Per-method contracts
Every method below states preconditions, postconditions, ordering, idempotency, durability, and error cases. These are the normative behaviours the conformance suite checks.
| Method | Pre / Post | Ordering & idempotency | Durability | Key error cases |
|---|---|---|---|---|
get_page(id, lsn) |
Pre: lsn ≥ pitr_floor(). Post: returns the page version with the greatest version-LSN that is ≤ lsn; Page.lsn ≤ lsn always holds. |
Read-only; fully idempotent — same (id, lsn) always yields the same bytes. No ordering effect. |
None (read). | NotFound (lsn below PITR floor / unknown page), Corruption, Transient. |
get_pages(ids, lsn) |
As get_page applied per id. Post: result vector aligns 1:1 with ids; per-id errors are reported per element, not as a whole-call failure. |
Read-only, idempotent. Backend MAY reorder I/O internally but MUST NOT reorder results. | None (read). | Outer Transient (whole batch); inner per-id NotFound / Corruption. |
append_wal(token, records) |
Pre: token is the current fence epoch. Post: on Ok(lsn), every record is durable and assigned consecutive LSNs ending at the returned commit LSN; durable_lsn() ≥ lsn thereafter. |
Strictly serialized per database. Returned LSNs are monotonically increasing across calls. NOT idempotent by default — a retried append after an unknown outcome MAY double-apply; the engine MUST dedup via WAL record identity (see Failure modes). | MUST be durable before returning. No ack-before-durable, ever (source §8). | Fenced (stale token → engine steps down), DurabilityUnconfirmed (do not ack), Transient (retryable, outcome unknown). |
flush() |
Post: all previously-acked durable state is fully settled to the durability floor. | Idempotent. A no-op if nothing is pending. Safe to call repeatedly. | Strengthens, never weakens, durability. | Transient, DurabilityUnconfirmed. |
durable_lsn() |
Post: returns an LSN L such that everything at-or-below L is durable. Monotonically non-decreasing across calls (never goes backward). |
Read-only, idempotent. | Reports durability; does not change it. | Transient. |
get_commit_lsn() |
Post: greatest durable LSN that is also a committed transaction boundary; the safe read snapshot for a fresh reader. | Read-only, idempotent, monotonic non-decreasing. | Reports durability. | Transient. |
acquire_fence(owner) |
Post: on Ok, returns a token whose epoch is strictly greater than every previously issued epoch; all prior tokens are now invalid. |
CAS over previous epoch; total order on epochs. Not idempotent (each success burns an epoch). | Token state itself is durable (CAS on the floor). | Contended (lost CAS — caller may retry), Transient. |
renew_fence(token) |
Pre: token still current.

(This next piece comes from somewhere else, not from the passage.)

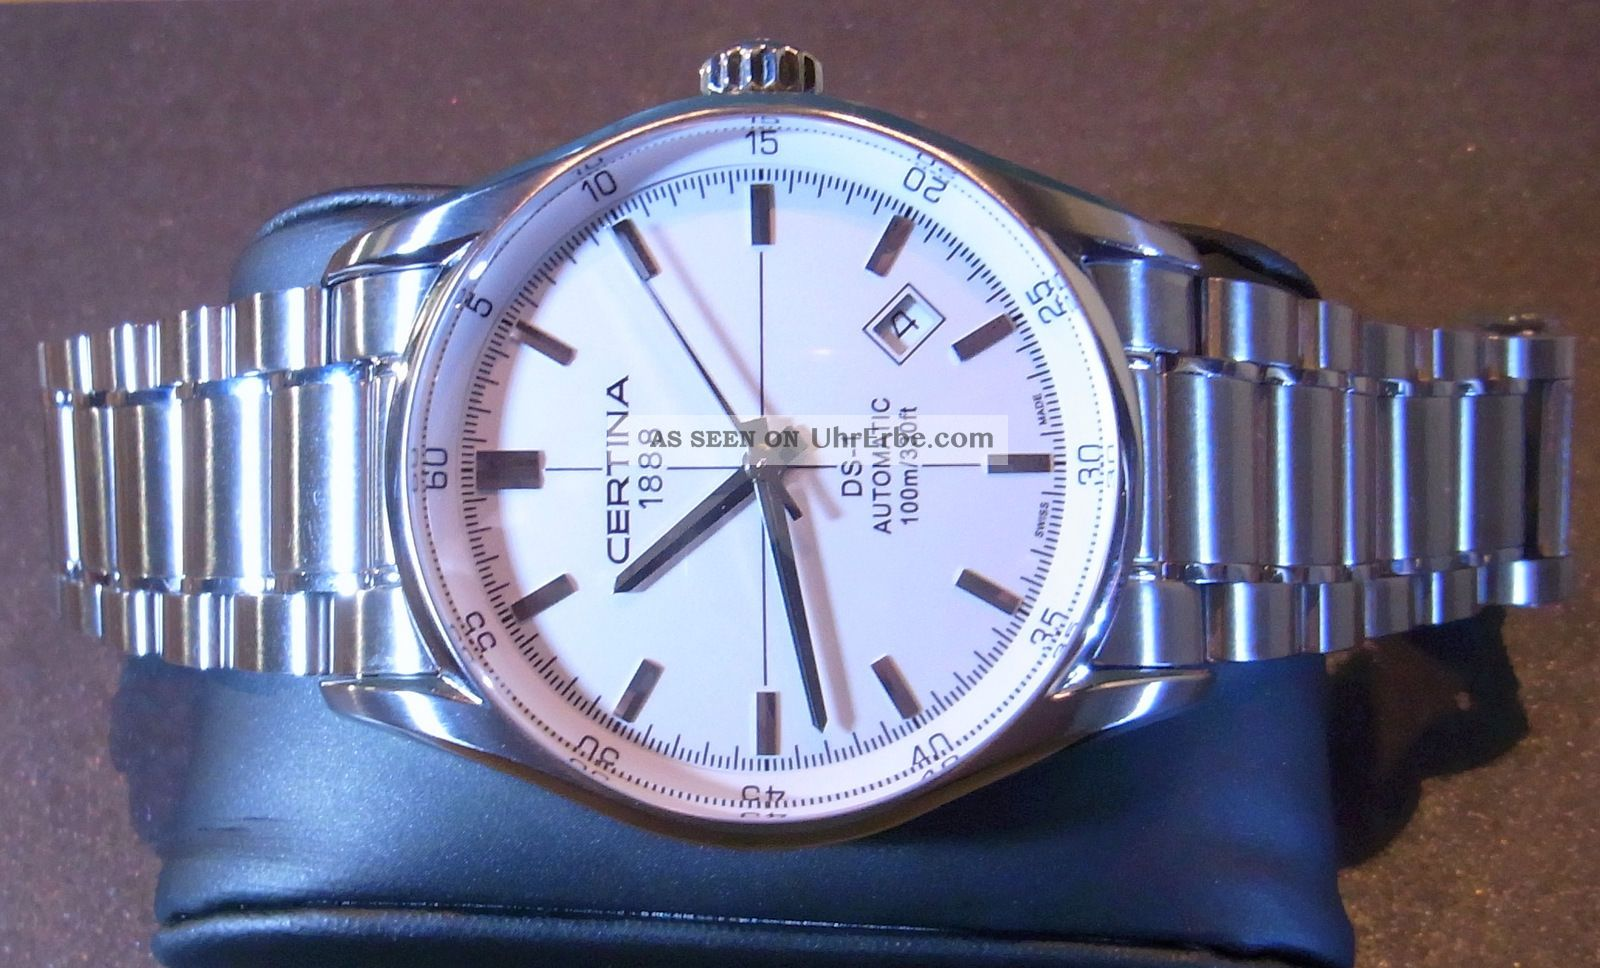 Certina Ds - 1 Automatik Uhr 1 Tag Alt Absolut Neuwertiger Eta 2824 - 2 Armbanduhren Bild

Post: extended lease_until, same epoch. |
Idempotent within a lease window. | Durable lease extension. | Fenced (superseded), Transient. |
release_fence(token) |
Post: token retired; next acquire_fence succeeds without waiting for lease expiry. |
Idempotent (releasing an already-retired token is Ok). |
Durable. | Transient. |
create_branch(name, base_lsn) |
Pre: base_lsn ≥ pitr_floor(). Post: new BranchId with head_lsn == base_lsn, sharing all immutable layers (copy-on-write, near-zero marginal storage). |
Not idempotent (each call mints a branch). Creation MUST NOT mutate the base. | Branch metadata durable on success. | NotFound (base below PITR floor), Transient. |
resolve_branch(branch) |
Post: returns {base_lsn, head_lsn} for the branch. |
Read-only, idempotent. | None. | NotFound (unknown branch). |
set_retention_floor(lsn) |
Pre: no live reader or branch needs an LSN below lsn. Post: backend MAY GC versions strictly older than lsn; pitr_floor() may rise toward lsn. |
Idempotent (advisory floor). MUST only move forward; a lower value than the current floor is rejected. | Eventually frees durable bytes; never affects acked-and-still-needed data. | Invalid (floor moved backward). |
pitr_floor() |
Post: oldest still-recoverable LSN; reads at-or-above it are guaranteed valid. | Read-only, idempotent, monotonic non-decreasing. | Reports. | Transient. |
The two invariants that override everything
- MUST append_wal MUST be durable before it returns the commit LSN. Never ack a commit from an in-memory buffer before the WAL is durably stored (source §8 durability rule). A fast commit path that loses an acked write under crash is disqualifying regardless of latency (source Experiment 4 gate).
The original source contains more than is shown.